CN103602834A - Selective oxidation-reduction method for recycling arsenic and antimony from arsenic-antimony smoke - Google Patents

Abstract

The invention relates to a method for recovering arsenic and antimony in arsenic and antimony dust by a selective oxidation-reduction method, and belongs to the technical field of nonferrous metallurgy. First, selectively oxidize and recover arsenic: introduce oxidizing gas into the arsenic-antimony fume, react at a temperature of 400-800°C for 20-90 minutes, collect As ₂ O ₃ volatilized fumes during the process, and obtain two Secondary antimony-containing material; then reducing and recovering antimony: adding a reducing agent to the secondary antimony-containing material obtained in the above steps, and reacting at a temperature of 800-1000°C for 30-180 minutes to obtain crude antimony. The invention makes full use of the characteristics that arsenic trioxide is easy to volatilize and antimony tetroxide is not easy to volatilize at low temperature, and selectively oxidizes arsenic and antimony dust, and volatilizes and separates arsenic to remove arsenic, and then performs reduction smelting to obtain crude antimony. The process is simple and has good Industrial application prospects.

Description

A method for recovering arsenic and antimony in arsenic and antimony dust by selective oxidation-reduction

technical field

The invention relates to a method for recovering arsenic and antimony in arsenic and antimony dust by a selective oxidation-reduction method, and belongs to the technical field of nonferrous metallurgy.

Background technique

In the process of heavy metal smelting and recovery of precious metals, the dust generated often contains high arsenic and antimony, which are valuable secondary resources. In order to comprehensively utilize valuable metals and reduce environmental pollution, it is of great significance to increase the research on the separation technology of arsenic and antimony.

At present, there are two methods for the separation of arsenic and antimony: fire method and wet method.
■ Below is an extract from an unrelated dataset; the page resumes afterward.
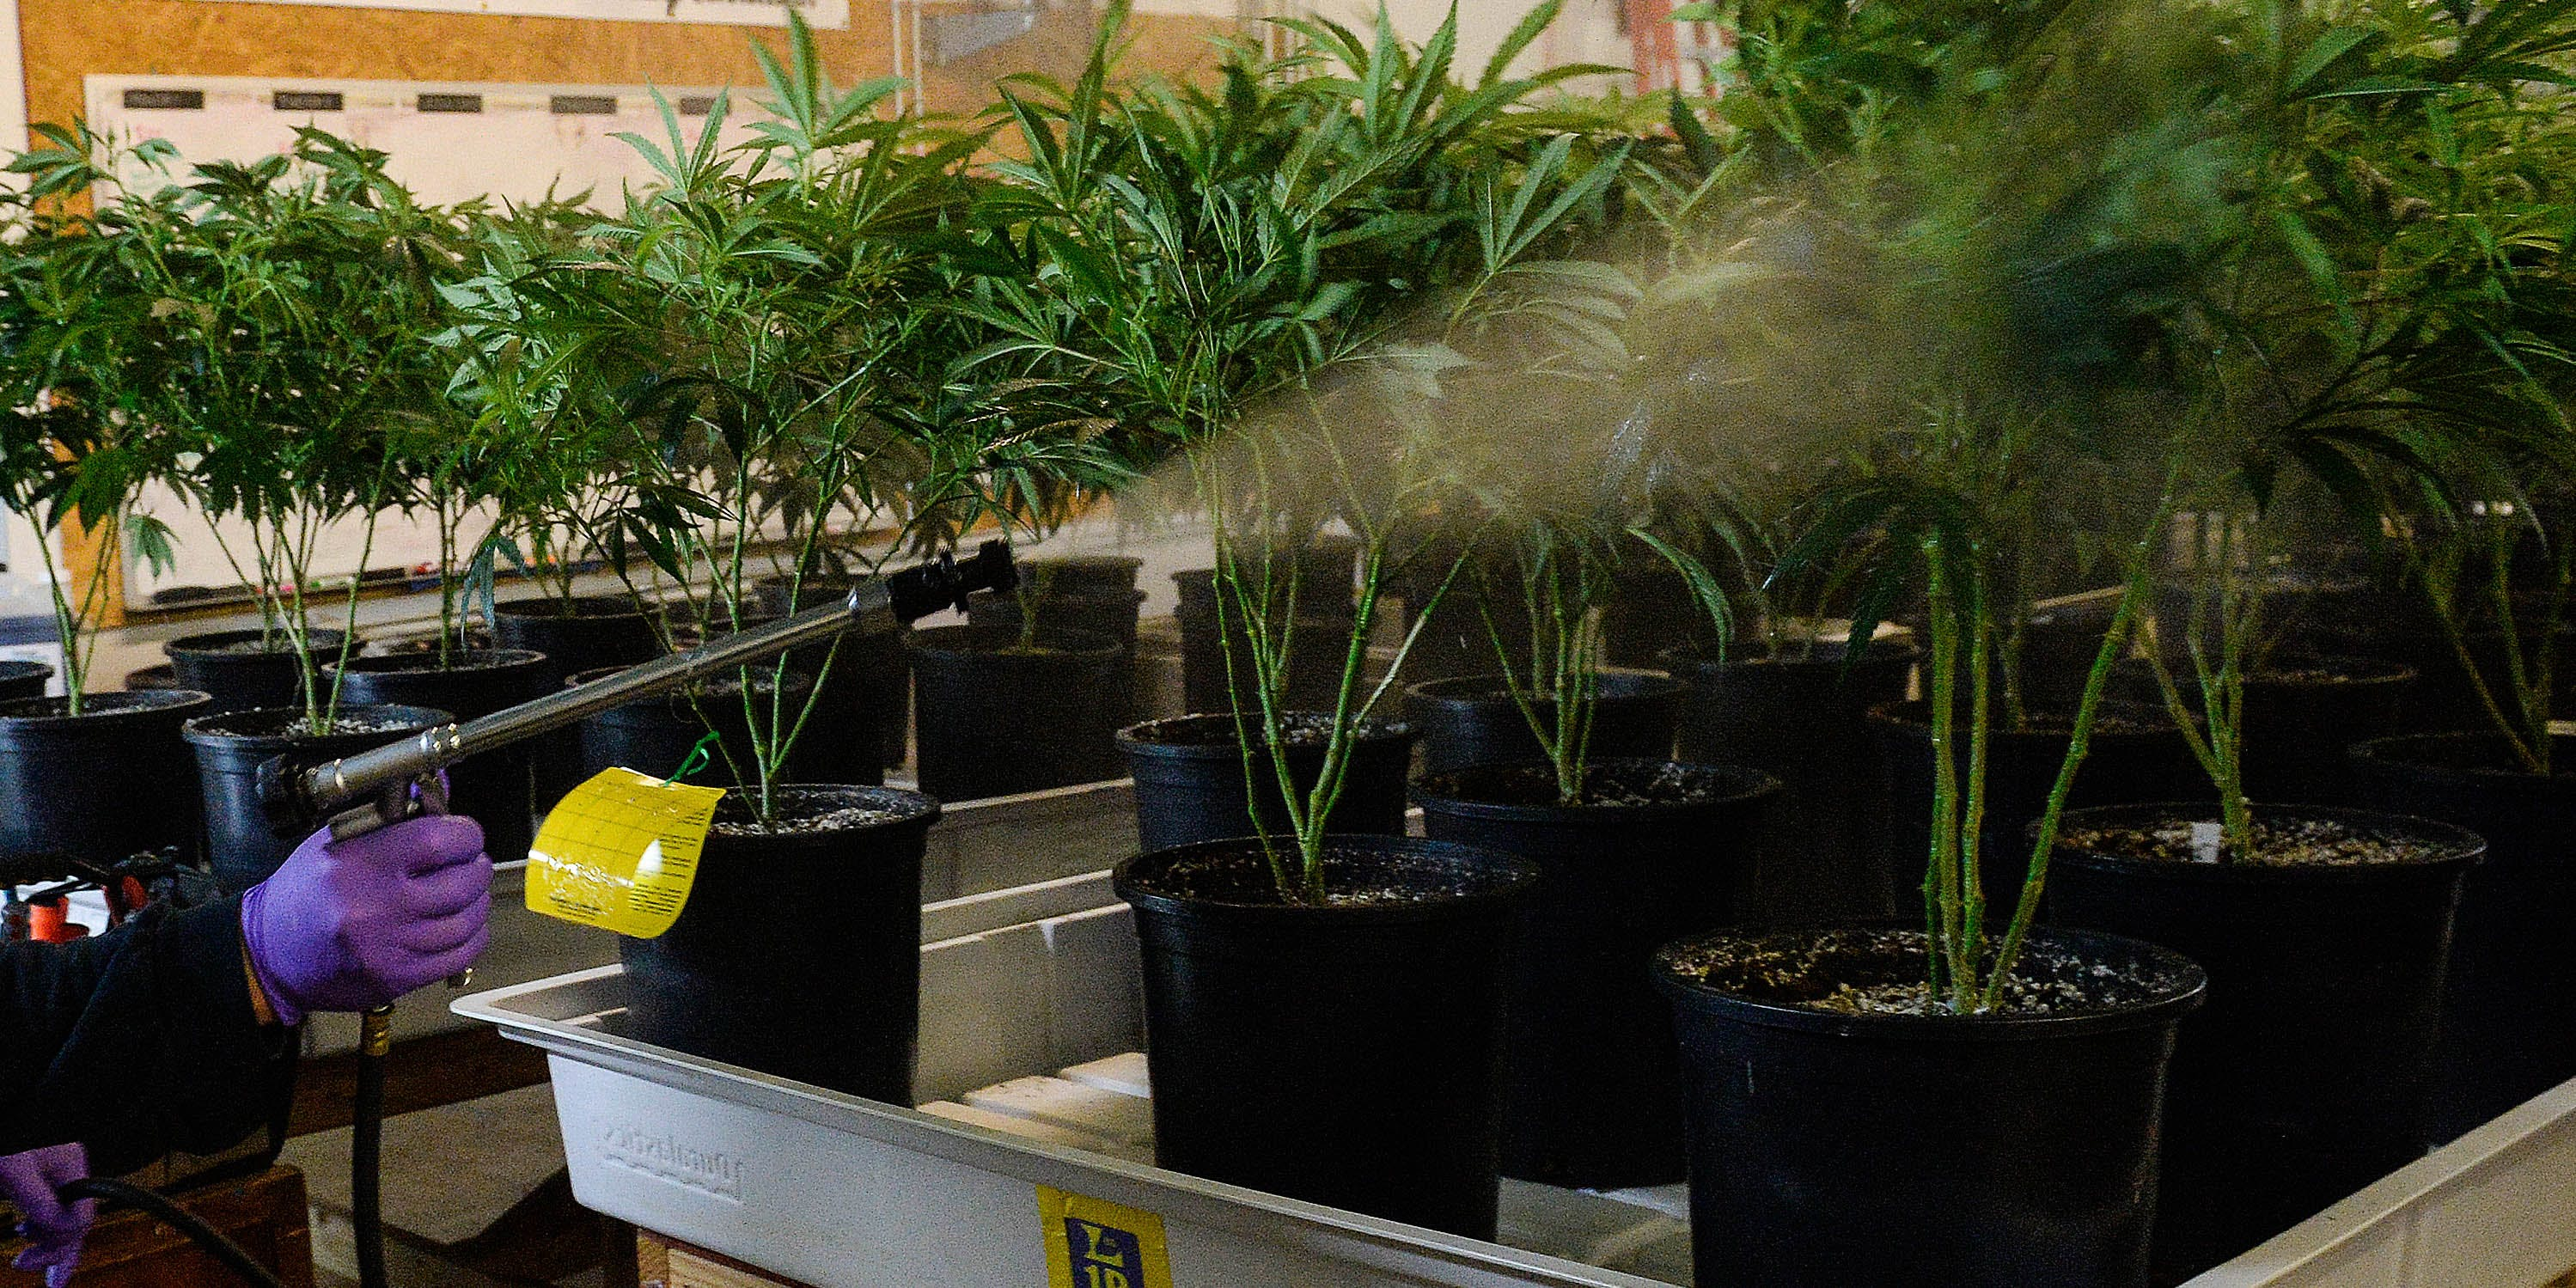 Toxic pesticide use rising at illegal California marijuana farms

In fire separation, the most commonly used method is vacuum distillation, which separates arsenic and antimony by using its different boiling point properties. Although this method can efficiently separate arsenic and antimony, it has high technical requirements for vacuum distillation and strict requirements for environmental protection and safety measures. , the economic cost is also higher. The wet separation of arsenic and antimony can be divided into acid method and alkali method. The acid method uses sulfuric acid-nitric acid mixed solution as the leaching agent, and the nitric acid is not only the leaching agent, but also the oxidant of arsenic. Spray milk of lime to remove arsenic acid by precipitation into calcium arsenate. The alkaline method-electrochemical leaching method is to put anode and cathode in the alkaline leaching tank, and pass direct current to strengthen the leaching of arsenic.

In the arsenic removal process of high-arsenic dust electric heating rotary kiln roasting method, _the technological feature is to use the volatile nature of arsenic trioxide at low temperature, so that As can be volatilized and removed in the form of As ₂ O _{3 .} It begins to sublimate and volatilizes strongly at 500°C, while antimony is difficult to volatilize after being oxidized to Sb ₂ O ₄ . The vapor pressure of As ₂ O ₃ at different temperatures is shown in Table 1.
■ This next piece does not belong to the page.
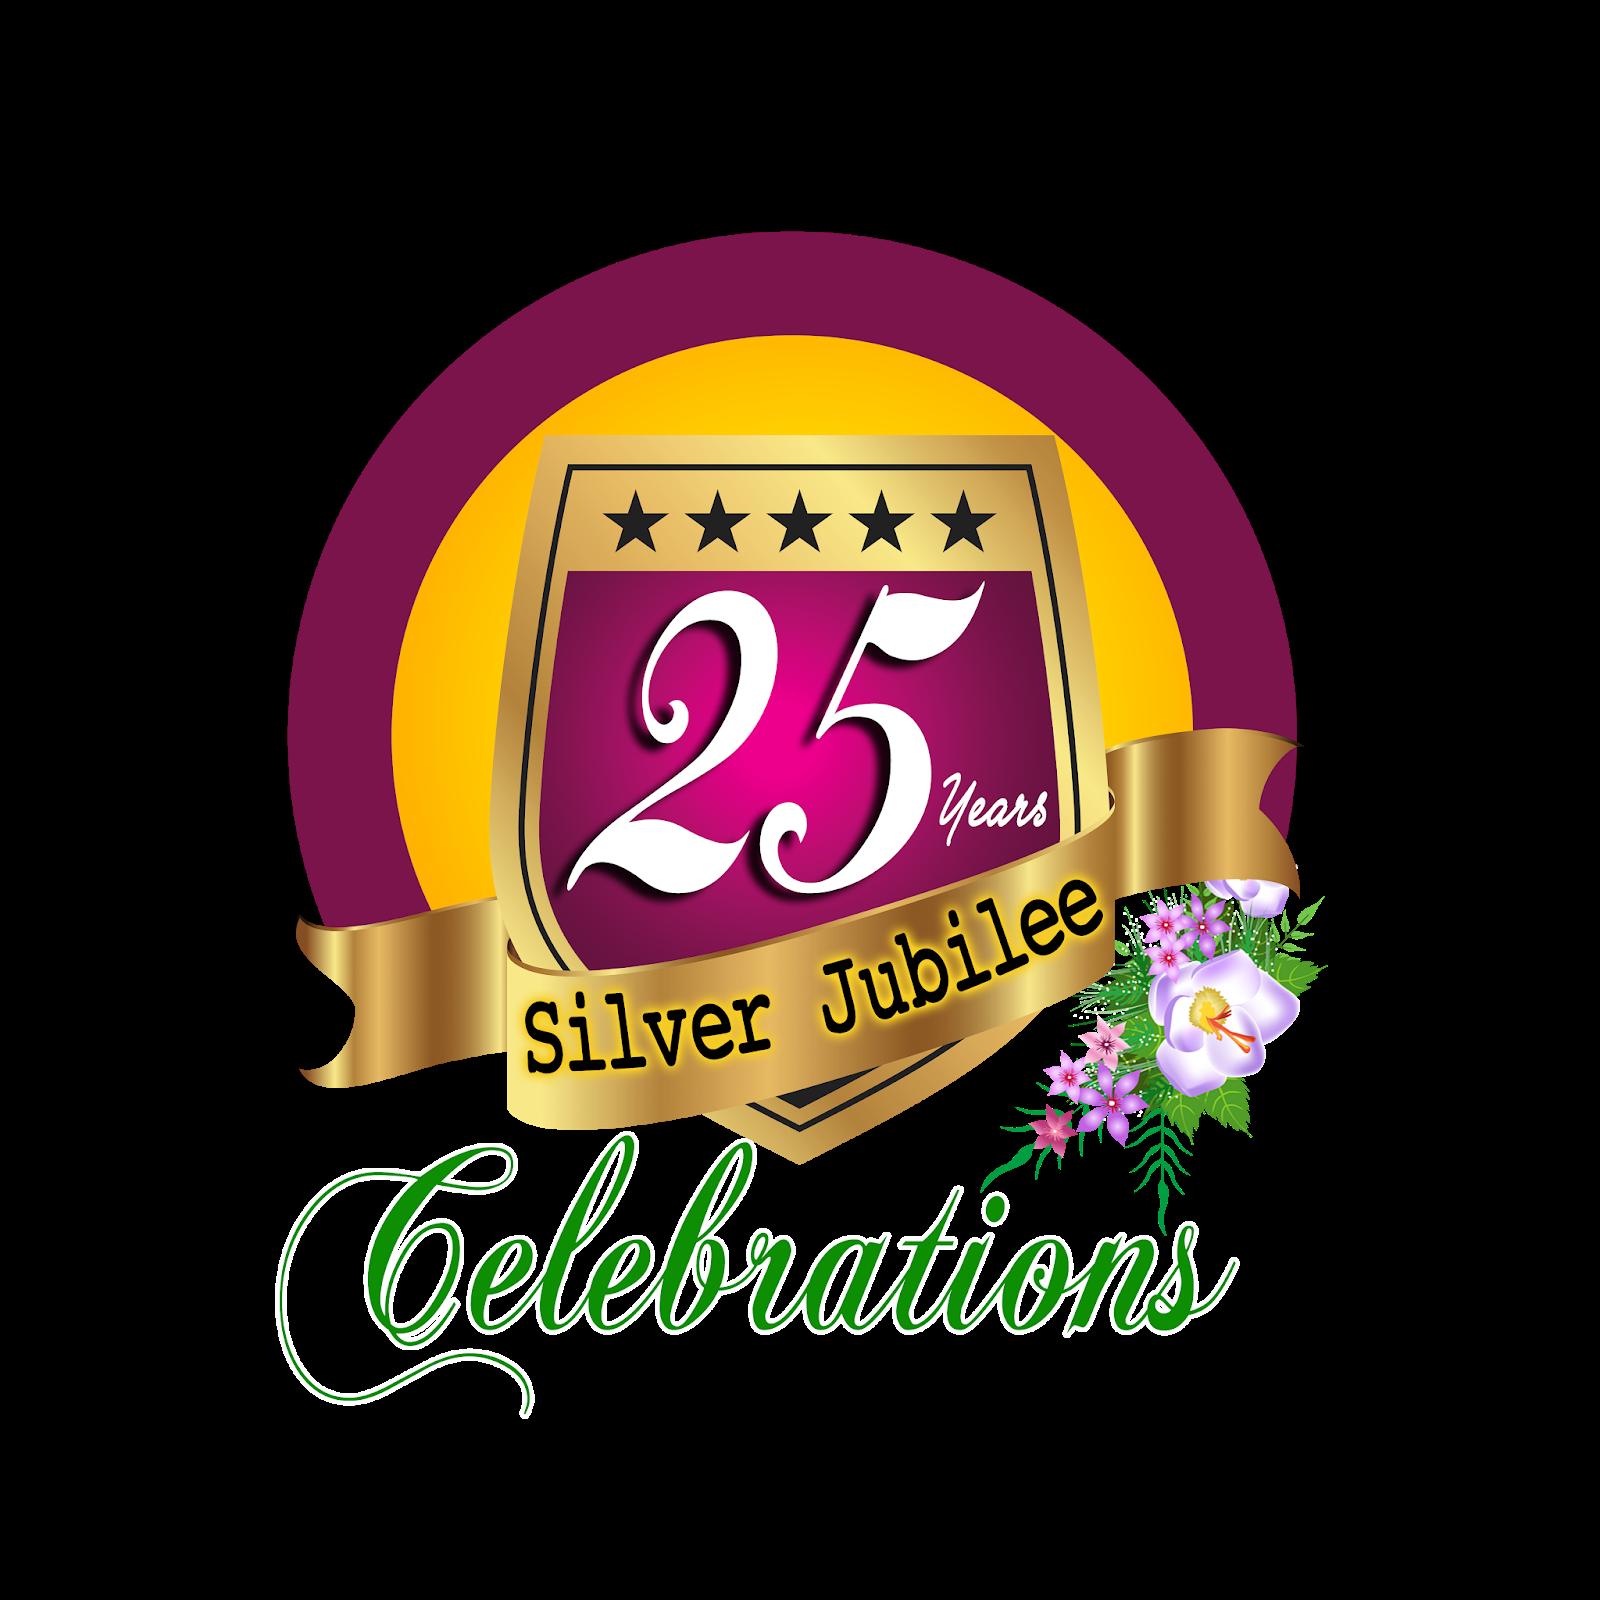 25 years silver jubilee celebrations hd png logo free.

Table 1 Relationship between vapor pressure and temperature of As ₂ O ₃

The oxidation process of arsenic and antimony is carried out step by step, and the reaction is as follows:

2As+3/2O ₂ =2As ₂ O ₃ (1)

As ₂ O ₃ +O ₂ =As ₂ O ₅ (2)

2Sb+3/2O ₂ =2Sb ₂ O ₃ (3)

Sb ₂ O ₃ +1/2O ₂ =Sb ₂ O ₄ (4)

Using the HSC calculation software, it can be seen that the relationship between the oxygen potential _lgPO2 of the reactions (1)~(4) changing with the temperature is shown in Figure 1.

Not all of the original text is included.